**What is being asked:** Everything in the listing below should be repeated exactly, apart from the pictures.

**Material provided:**
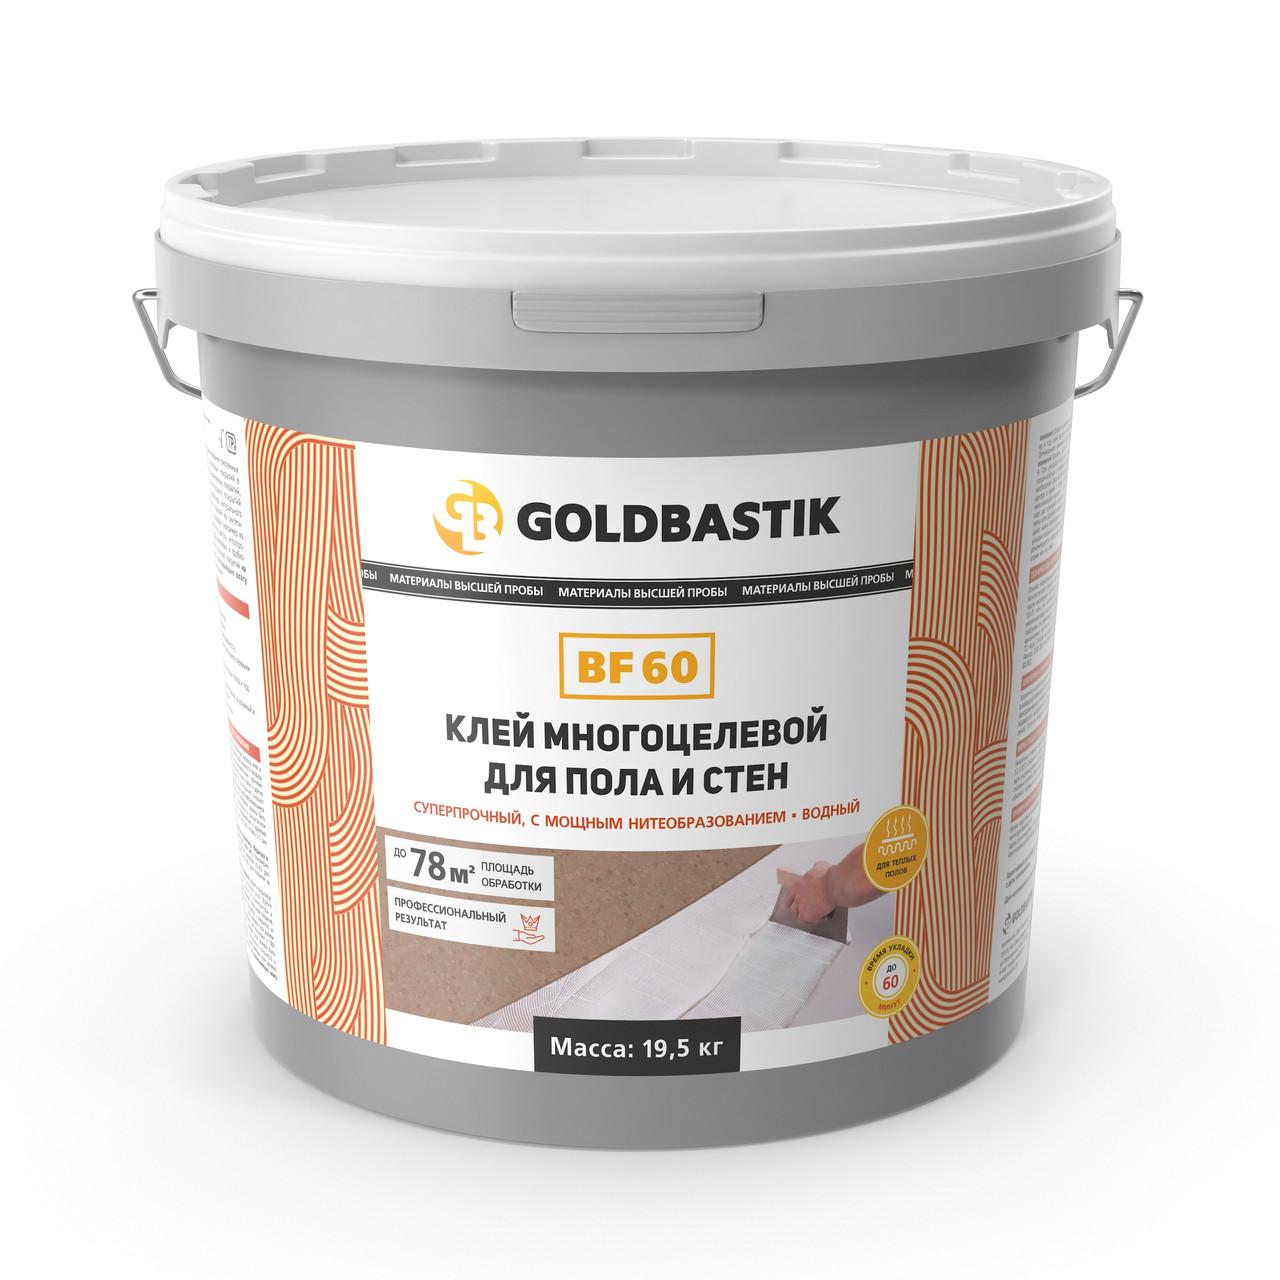 Клей многоцелевой для пола и стен GOLDBASTIK BF 60
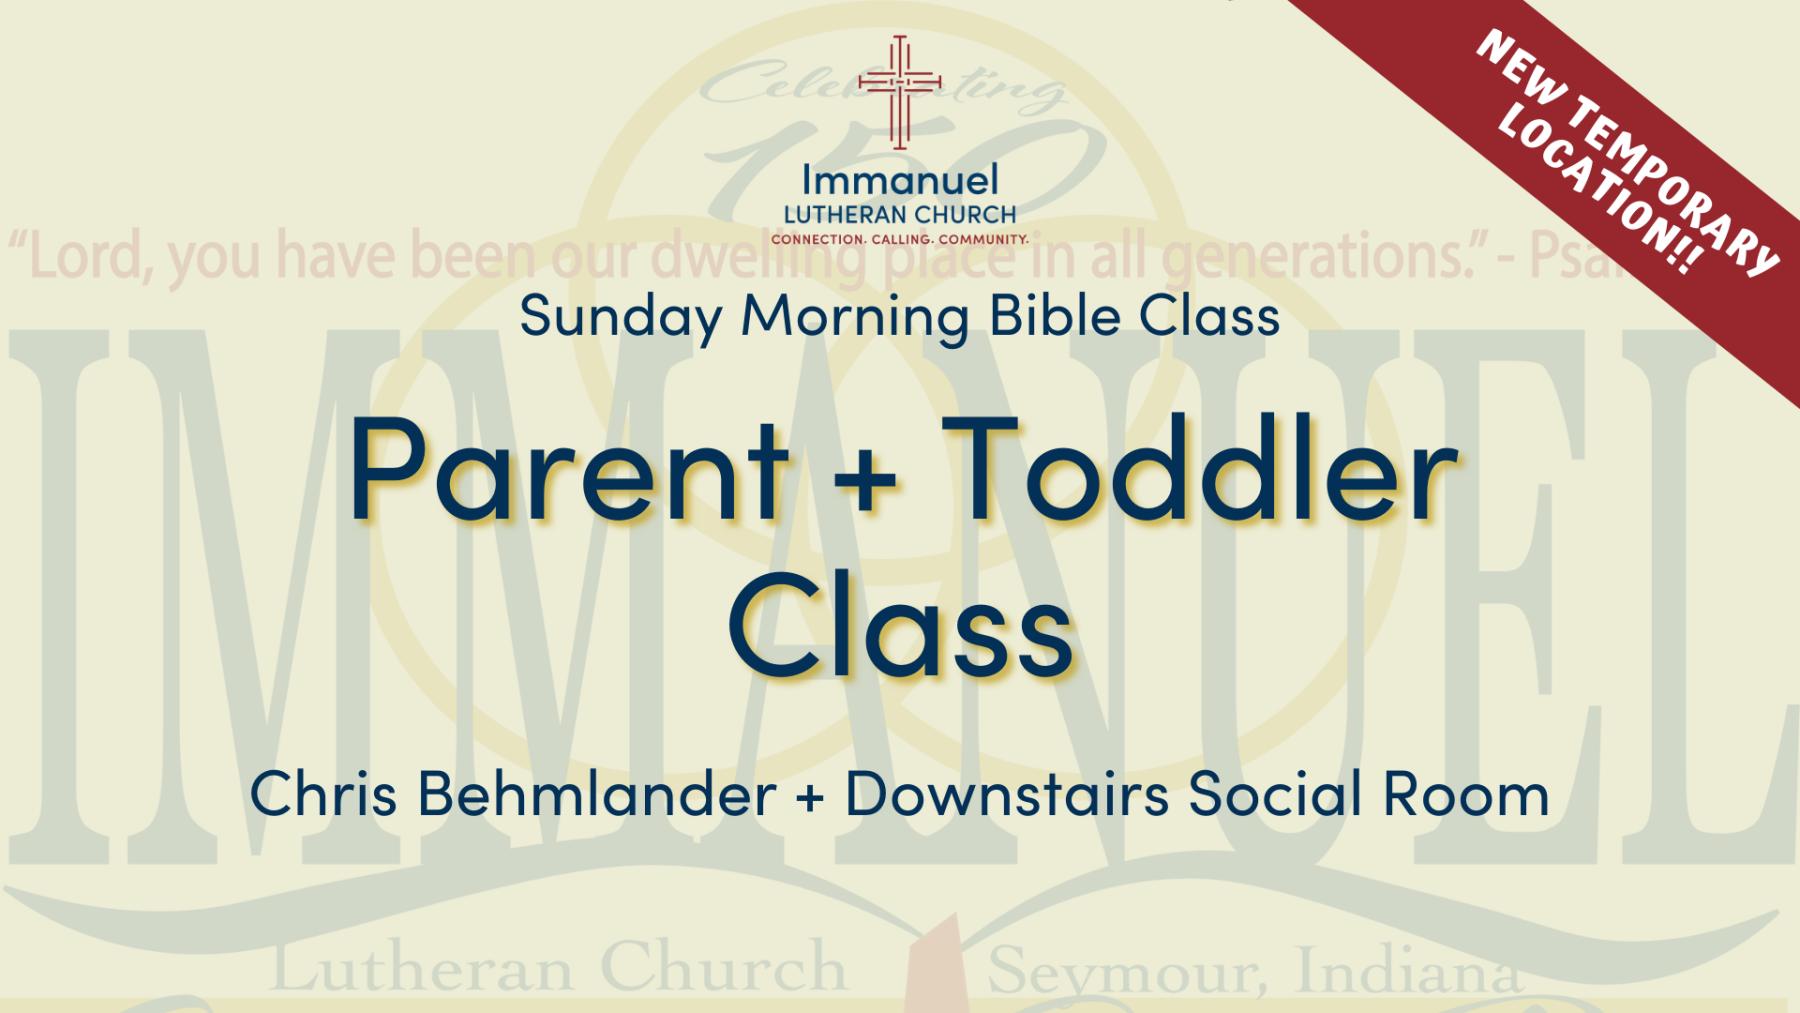 Parent + Toddler Class
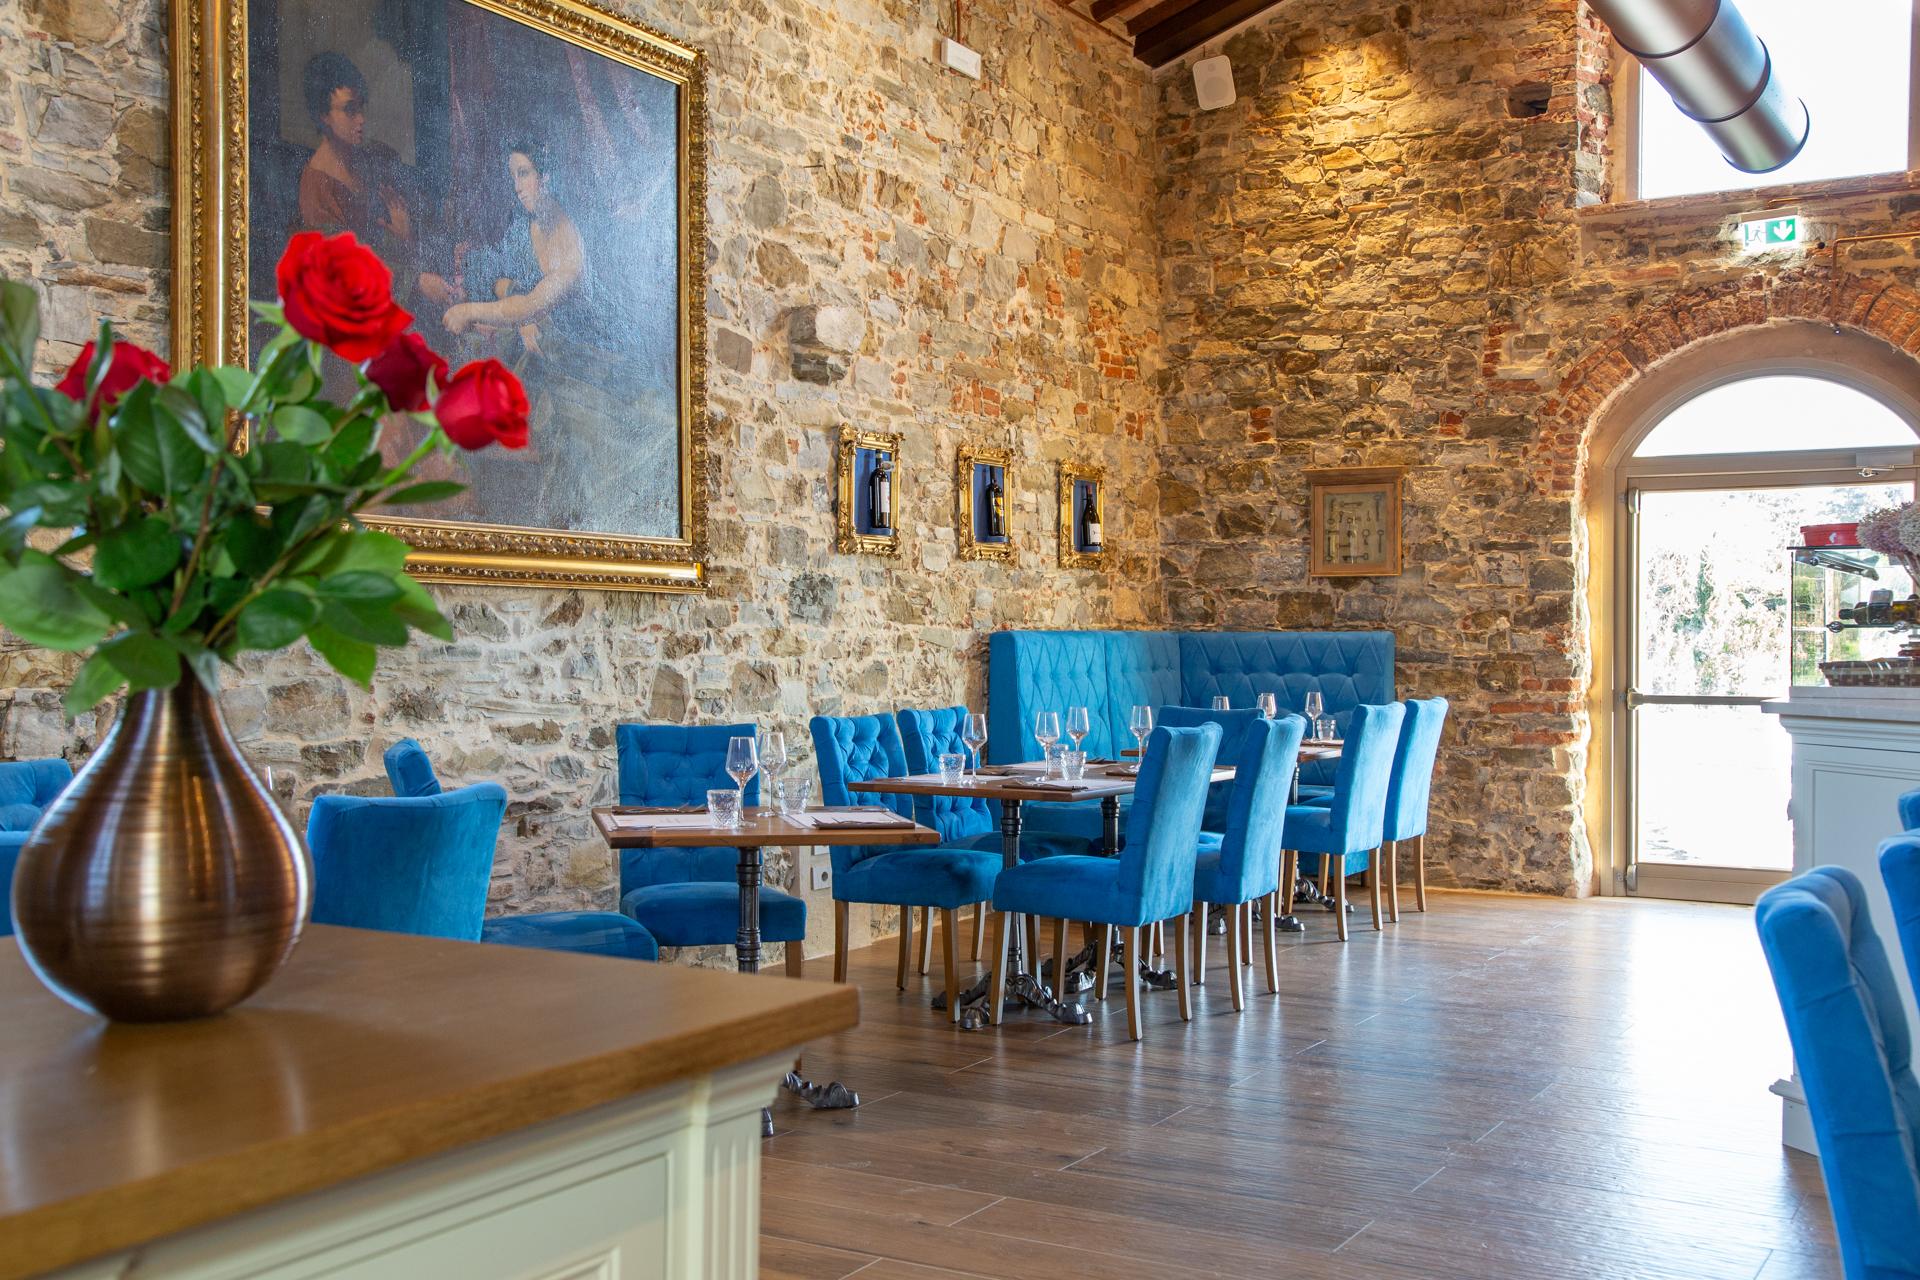 Sala da Pranzo La Fornace de Medici. Un luogo pieno di storia e di arte, i fiori di stagione accompagnano con forti contrasti il colore blu acceso delle sedie in veluto.

**Written response:**
 Клей многоцелевой для пола и стен GOLDBASTIK BF 60
 Parent + Toddler Class
 Sala da Pranzo La Fornace de Medici. Un luogo pieno di storia e di arte, i fiori di stagione accompagnano con forti contrasti il colore blu acceso delle sedie in veluto.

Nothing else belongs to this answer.